В Критической расовой теории (экономический) марксизм является «вульгарным», а расовый марксизм — сравнительно утонченным. Конечно, слишком упрощенно говорить, что Критическая расовая теория — это «марксизм, который заменяет класс расой». Как ясно дают понять Лэдсон-Биллингс и Тейт, цель состоит в том, чтобы поставить расу в центр анализа власти и неравенства. В этом смысле раса не призвана полностью заменить экономический класс в «вульгарной» марксистской теории, но призвана выдвинуть расу на первый план и сделать класс в значительной степени вспомогательным по отношению к ней и другим политически активным измерениям идентичности (таким как пол и иммиграционный статус). Фактически, теоретики критической расы считают, что экономическое неравенство, которым интересуются классические марксистские теоретики, невозможно понять, не рассматривая его как еще одно проявление системного расизма.
Говоря более прямо, смысл Критической расовой теории, как и всех критических теорий идентичности, с которыми она «пересекается», заключается в том, чтобы сместить левую политику от экономических проблем и тяжелого положения труда (рабочего класса) к политике идентичности. Это изменение, к которому открыто призывал неомарксист и критический теоретик Герберт Маркузе в двух своих самых известных работах 1960-х годов: One-Dimensional Man (1964) и An Essay on Liberation (1969). В них Маркузе фактически жалуется на то, что развитой капитализм слишком преуспел в создании процветающего общества и здорового среднего класса, в результате чего рабочий класс утратил свой революционный дух. Затем он ищет новое место для радикального революционного духа и находит его в «населении гетто», в частности в движениях за освобождение чернокожих. Если левая интеллигенция в университетах и радикально настроенная студенческая база Маркузе направят их в русло критического сознания, может возникнуть новый революционный пролетариат, обладающий необходимой энергией для успешного продвижения западных обществ к социализму. В значительной степени Критическая расовая теория выросла из этого явно неомарксистского проекта.
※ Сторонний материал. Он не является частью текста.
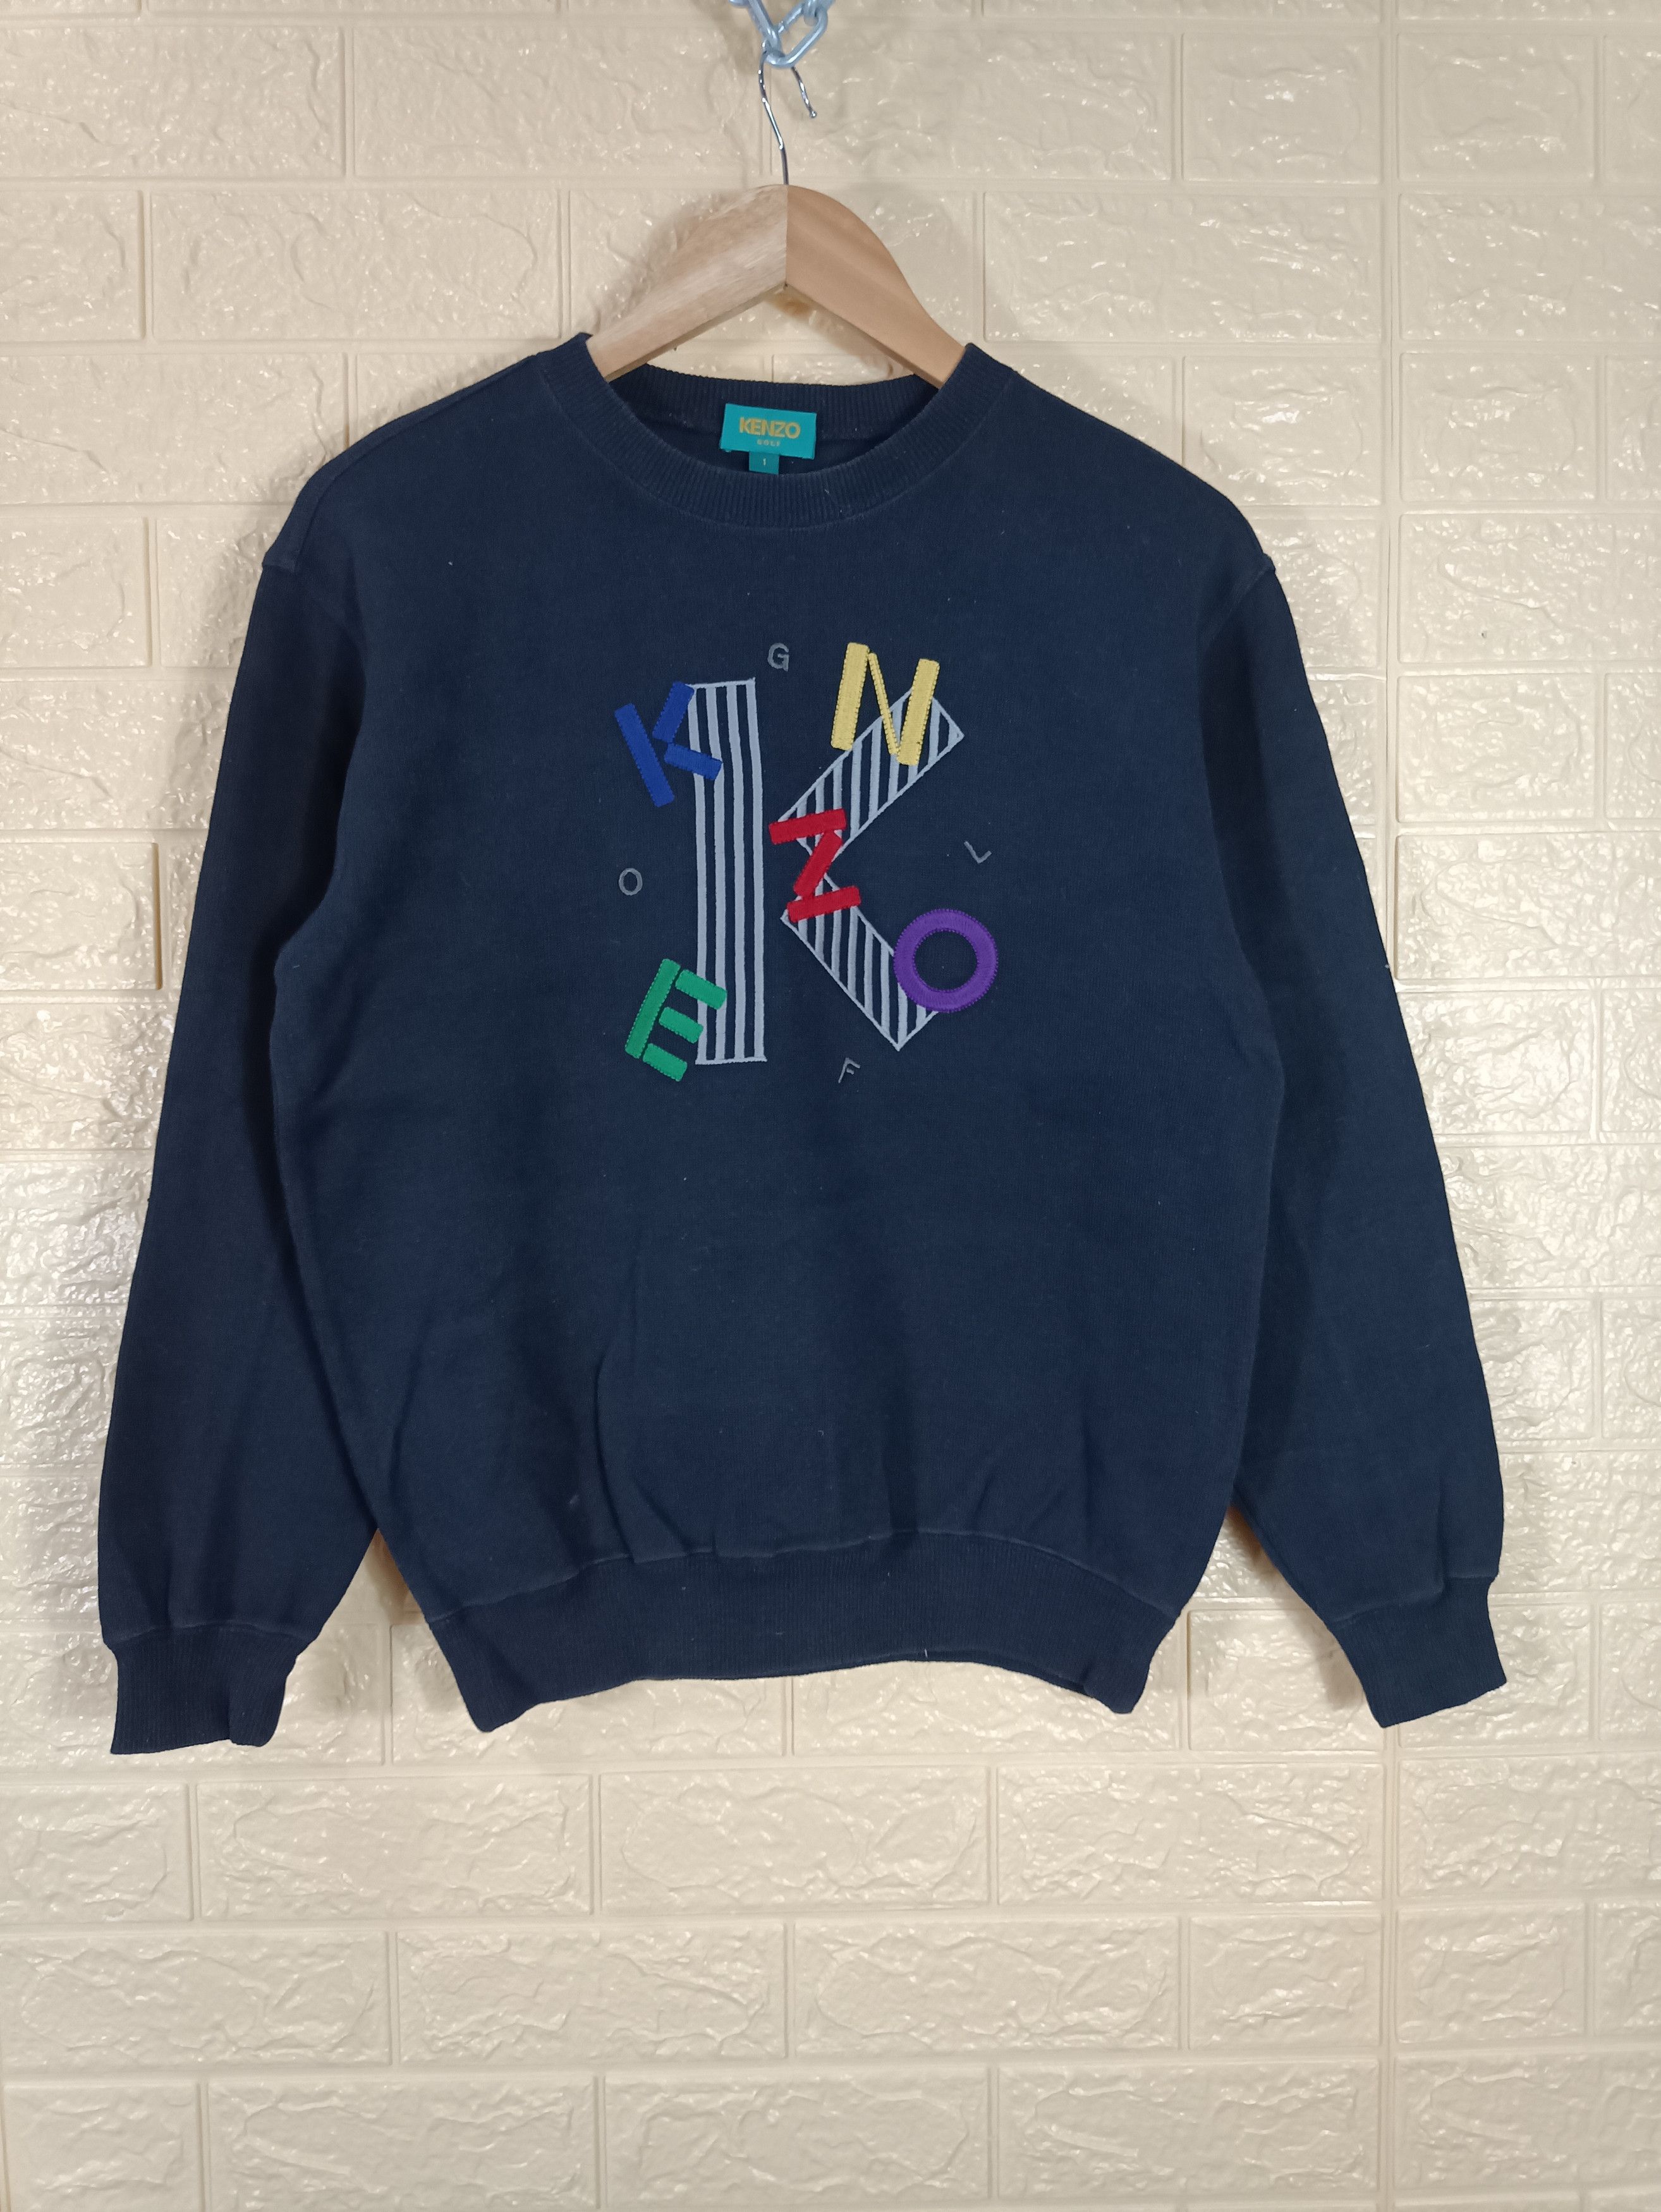 Kenzo Golf Sweatshirt | Grailed

Действительно, радикальные социалистические черные феминистки из группы Combahee River Collective в конце 1970-х годов — те, кто придумал термин «политика идентичности», и их связь с маркузианскими «новыми левыми» неоспорима. Для Маркузе экономический марксизм старой школы был мертв, потому что рабочий класс был слишком успешно интегрирован в процветающее капиталистическое общество, поэтому политика идентичности должна была стать инструментом для поднятия критического сознания. Так думали не только активисты и ученые из Combahee River Collective (или зарождающейся индустрии разнообразия, равенства и вовлеченности), которые предшествовали большей части Критической расовой теории. Практически все, что написано в Критической расовой теории, свидетельствует о том, что ее цель — заниматься политикой идентичности. Например, в знаменитой книге Робин ДиАнджело «Белая хрупкость» отмечается, что она «неапологетично укоренена в политике идентичности». 6 Мы вернемся к этому вопросу в следующих двух главах, когда будем обсуждать способы, которыми Кимберли Креншоу создала Критическую теорию рас, переработав либеральные идеи гражданских прав и постмодернистскую теорию, чтобы освободить в них место для радикальной политики идентичности в своей самой влиятельной работе «Mapping the Margins», написанной в 1991 году.
Мы также можем получить немного больше информации о том, чем на самом деле является Критическая теория расы, исходя из другого момента, касающегося ее происхождения: она зародилась в теории права, в частности, в новолевом подходе к праву под названием Критические юридические исследования, в значительной степени неомарксистском и полностью левом проекте по переосмыслению права. Однако, вероятно, лучший способ понять Критическую расовую теорию в юридическом отношении заключается в том, что пионеры и «интеллектуальные крестные отцы» движения, такие как Деррик Белл и Алан Фриман, были историческими и юридическими ревизионистами, занимавшимися вопросами, связанными с движением за гражданские права в 1960-х годах. Ранний энтузиазм и программы предоставления прав, появившиеся в ту эпоху, пошли на убыль и, в некоторых случаях, были отменены, и эти циничные теоретики права попытались по-новому истолковать «истинные намерения» законов и программ, чтобы представить их в лучшем случае как безразличные к черным (и в интересах белых), а в худшем — как античерные. Фраза «позитивные действия», например, встречается около двухсот раз в книге «Критическая расовая теория: The Key Writings that Formed the Movement, что дает нам некоторый намек на то, в чем были заинтересованы ее основатели.